What you give back should be exactly the lines from the one with "Сдается в аренду" through the end of the data, without the pictures.

*DATA BELOW*
-- Opening Marker --

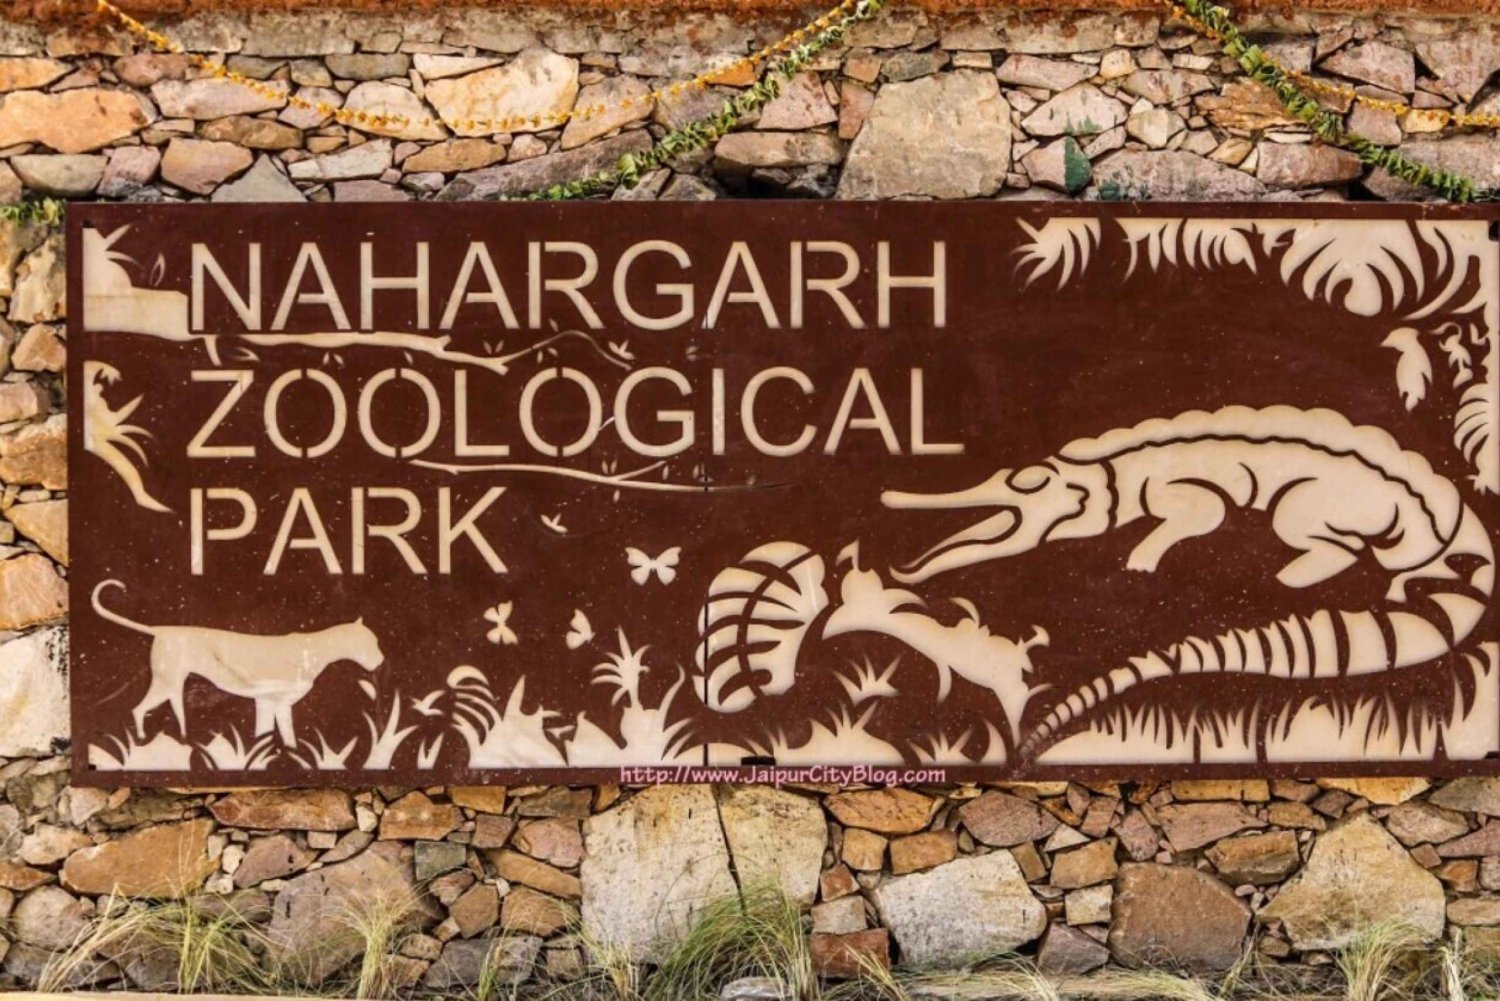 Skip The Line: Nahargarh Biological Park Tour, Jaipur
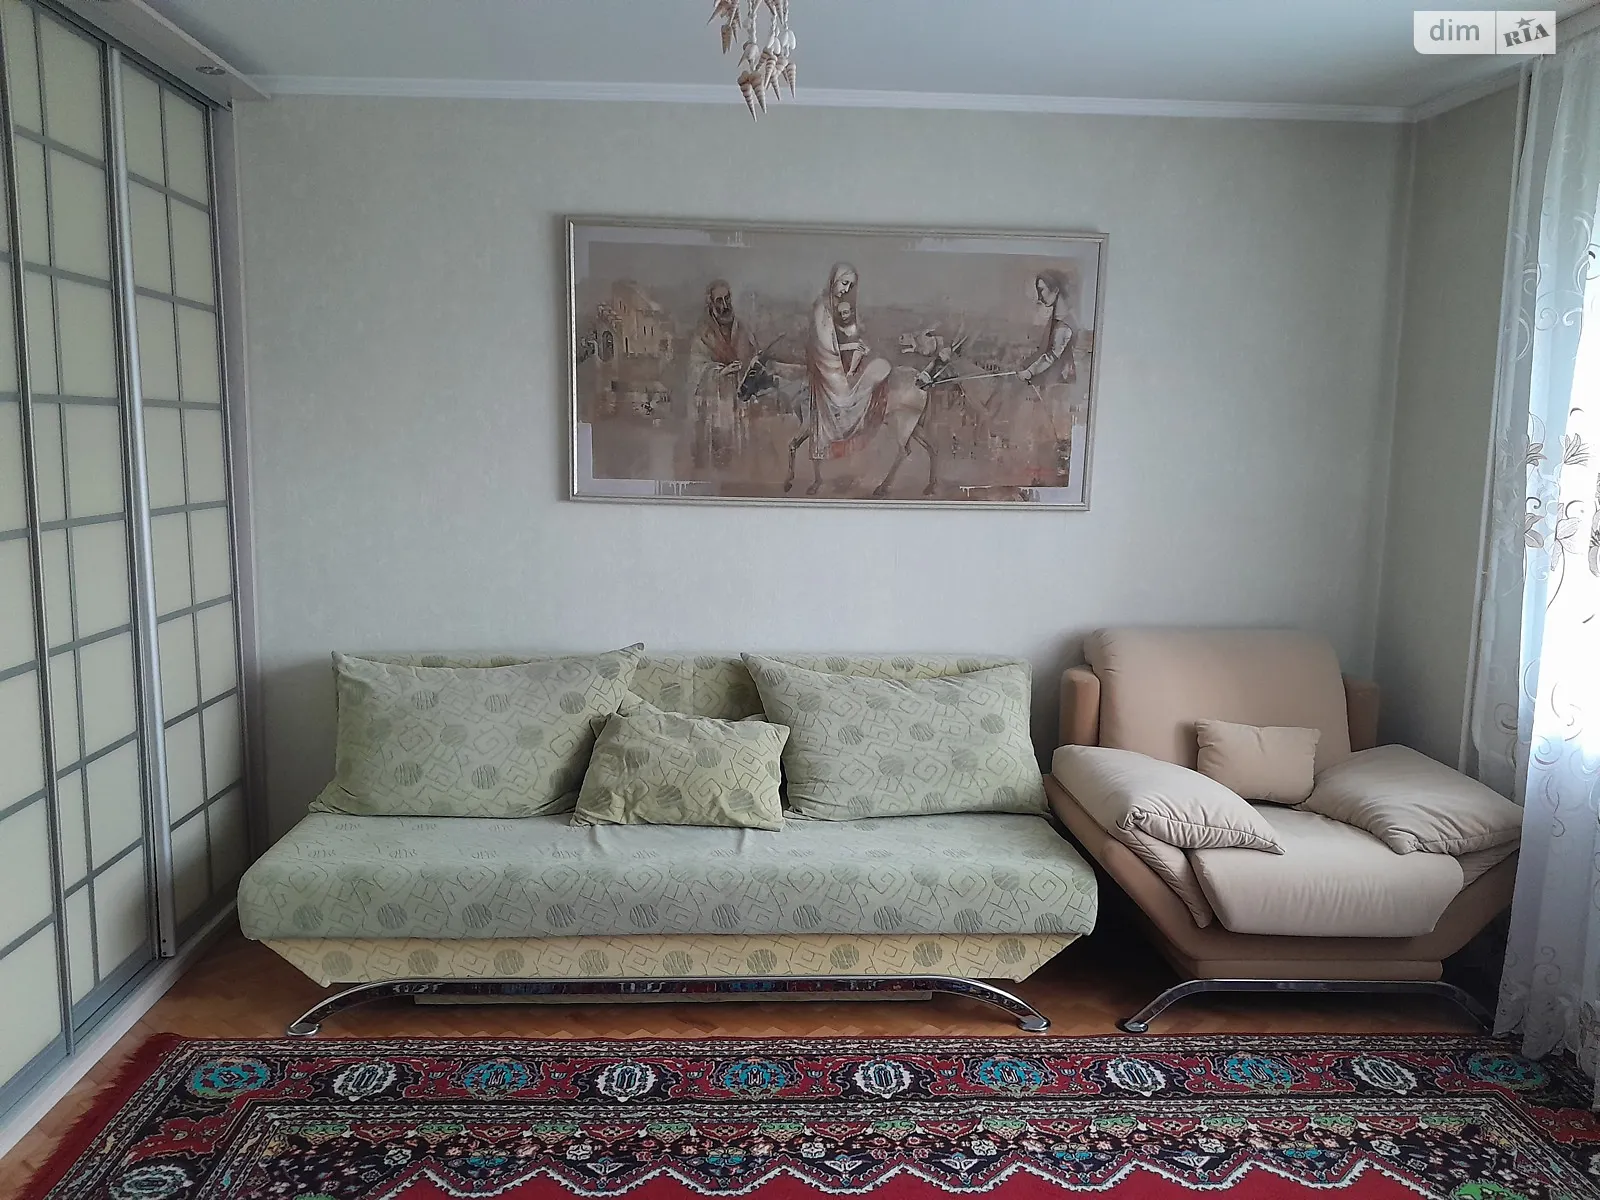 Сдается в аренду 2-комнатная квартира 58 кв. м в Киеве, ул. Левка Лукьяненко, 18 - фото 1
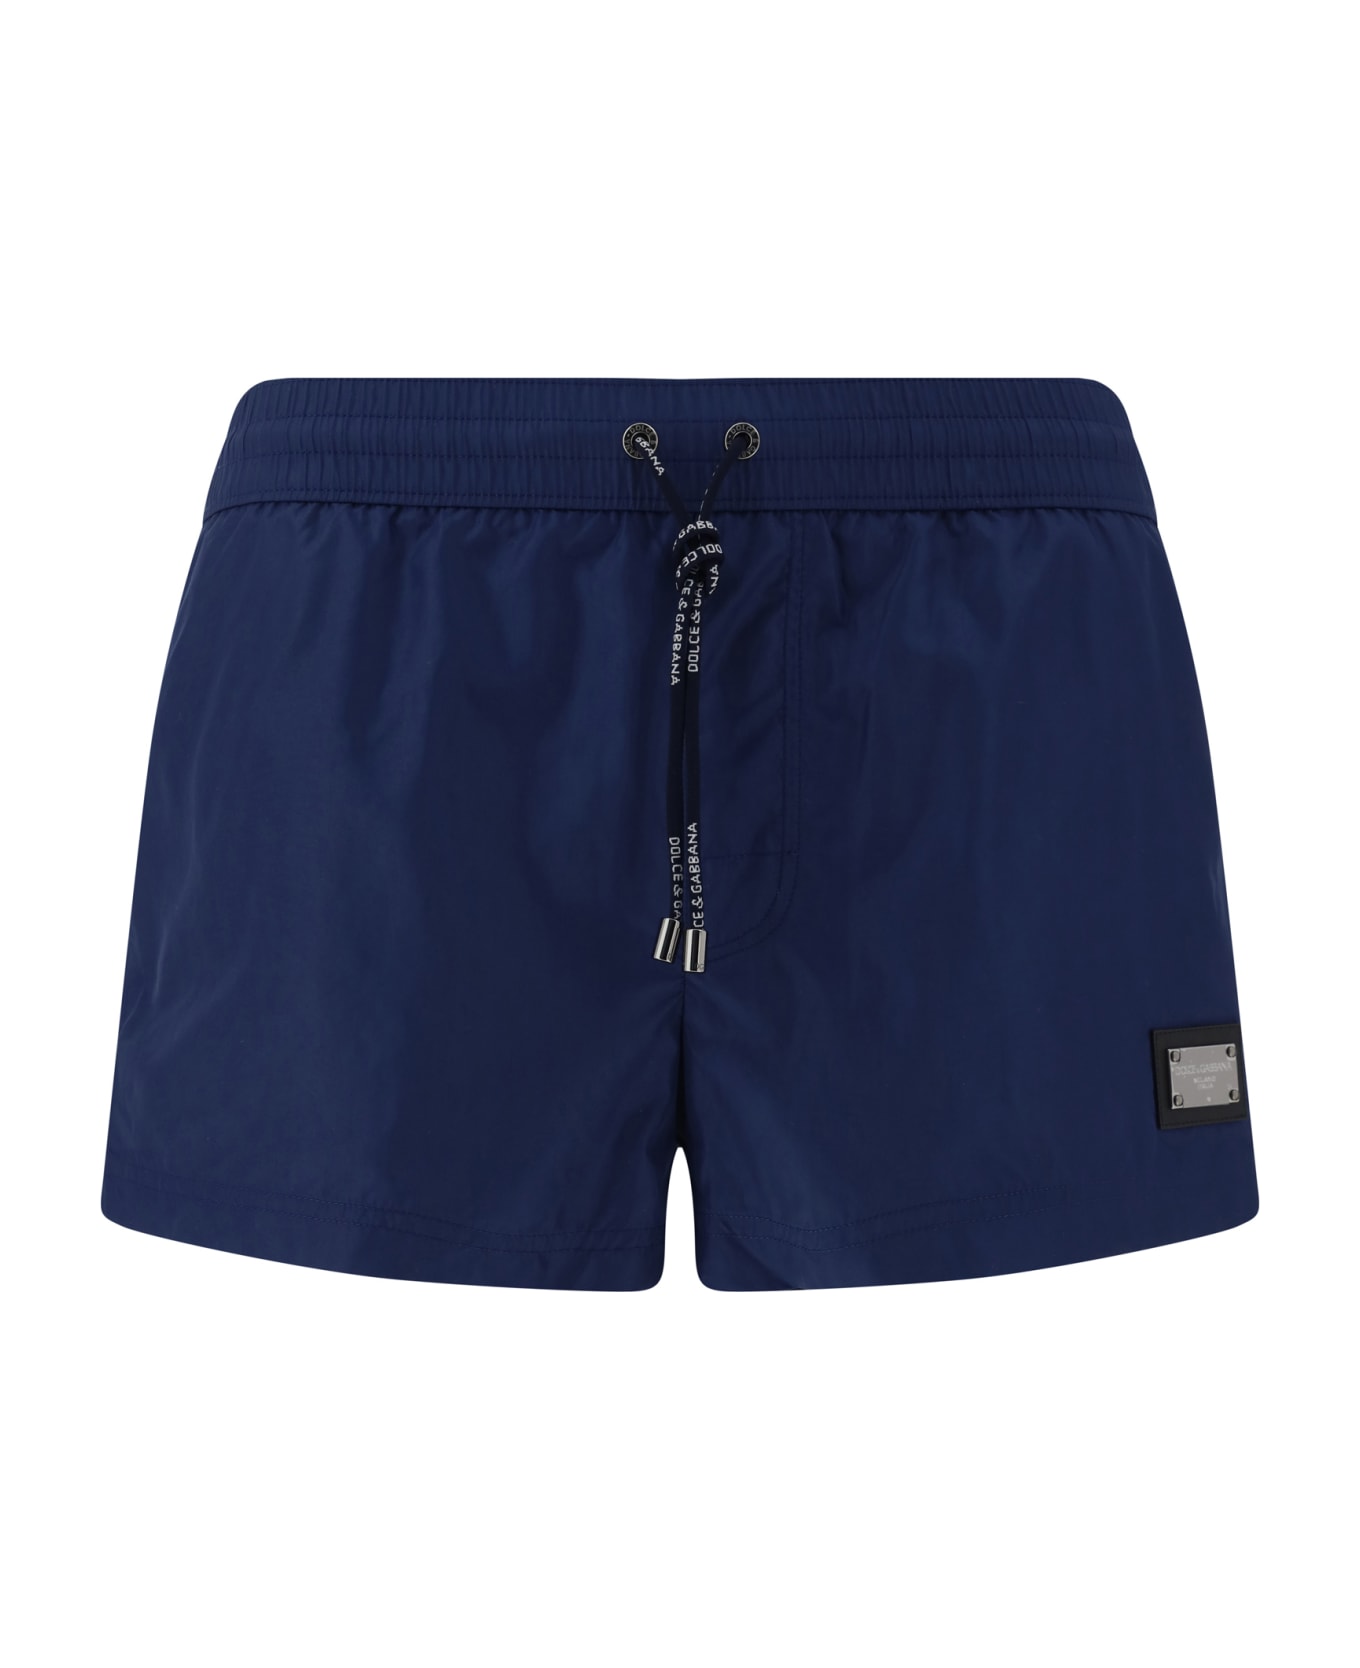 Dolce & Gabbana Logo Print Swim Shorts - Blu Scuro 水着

-- Closing Marker --

*EXERCISE ANSWER*
 Сдается в аренду 2-комнатная квартира 58 кв. м в Киеве, ул. Левка Лукьяненко, 18 - фото 1
 Dolce & Gabbana Logo Print Swim Shorts - Blu Scuro 水着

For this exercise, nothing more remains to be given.